Pimpinan Pusat Muhammadiyah sendiri sebelumnya menyatakan bahwa Muhammadiyah mendukung pelaksanaan vaksinasi sebagai bagian dari upaya penanganan pandemi Covid-19 di Indonesia. Yakni setelah semua kaidah keamanan, keefektifan, dan kehalalan vaksin terpenuhi sesuai standar BPOM dan MUI dengan beberapa catatan.

Satu poin yang perlu diingat adalah vaksin bukan segalanya. Ini hanya sebagai salah satu ikhtiar untuk memberikan imunitas setiap warga baik yang pernah terjangkit maupun yang belum terpapar. Sekalipun telah divaksin, menaati protokol kesehatan tetap menjadi prioritas utama.

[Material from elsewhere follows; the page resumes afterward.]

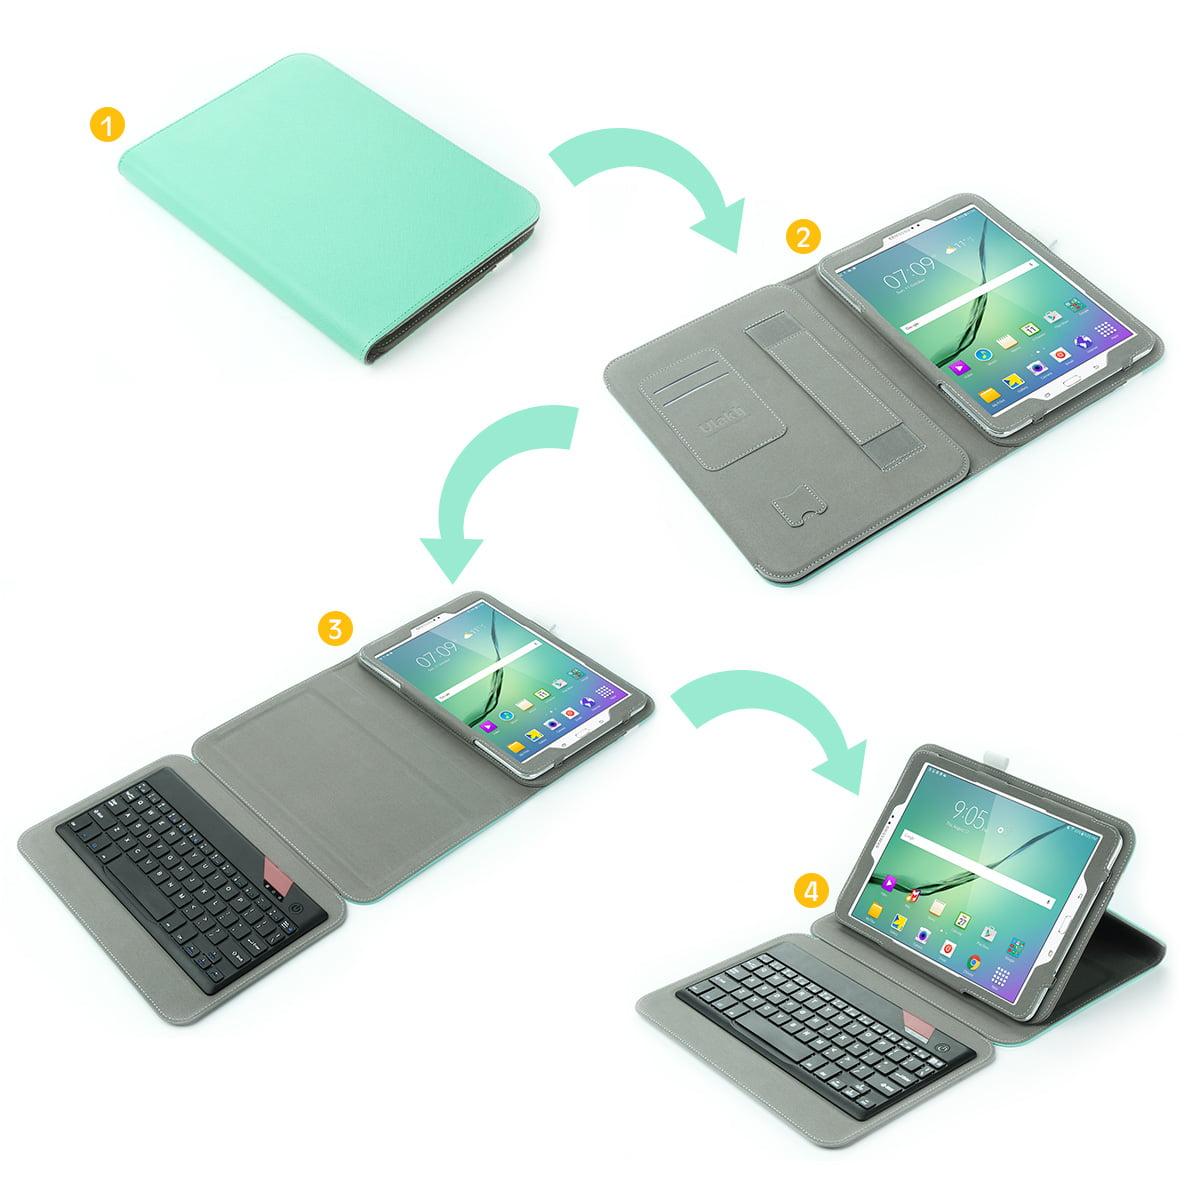 pretty nice 97ef9 95b88 ULAK Galaxy Tab S2 Case, Tab S2 Keyboard, Portable Bluetooth Keyboard with  Built In Hand Strap & Media Stand for Samsung Galaxy Tab S2 (9.7 inch) 2015  ...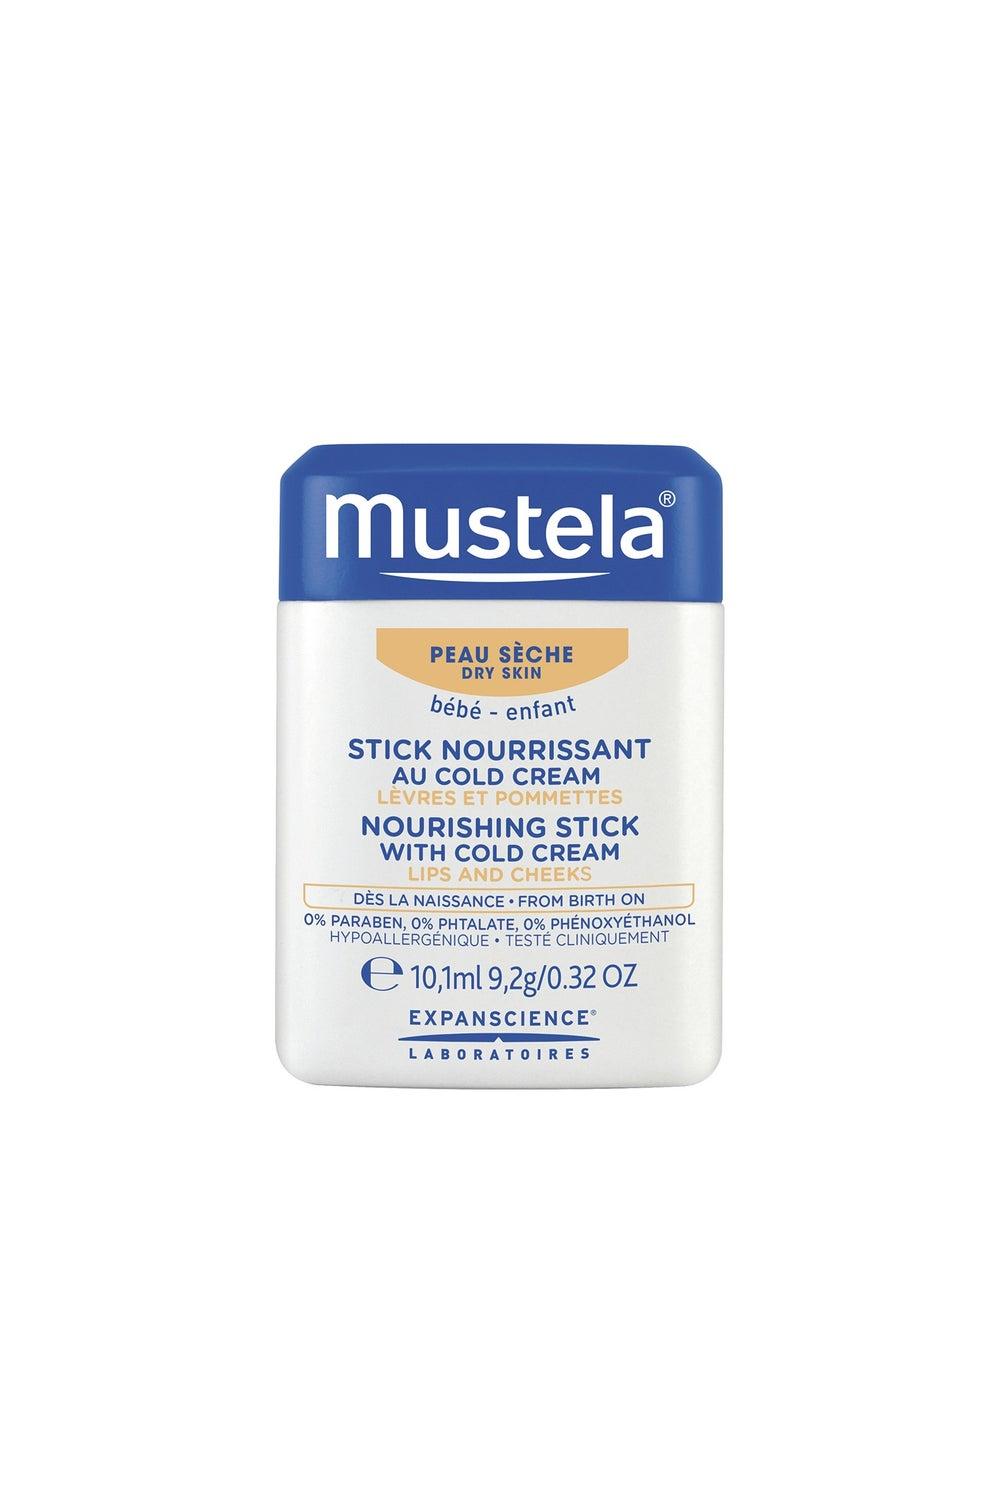 Mustela Nourishing Stick with Cold Cream 10ml 712050

Beberapa poin yang disampaikan dalam tuntunan Tarjih terkait vaksin menekankan pada dua hal. Pertama, menjaga kesehatan merupakan hal yang wajib dilakukan sebagai bentuk ikhtiar. Kedua, keadaan darurat yang terjadi hingga hari ini menuntut adanya upaya lebih untuk menghilangkan kedaruratan tersebut dengan cara menyegerakan dan memaksimalkan cakupan vaksinasi.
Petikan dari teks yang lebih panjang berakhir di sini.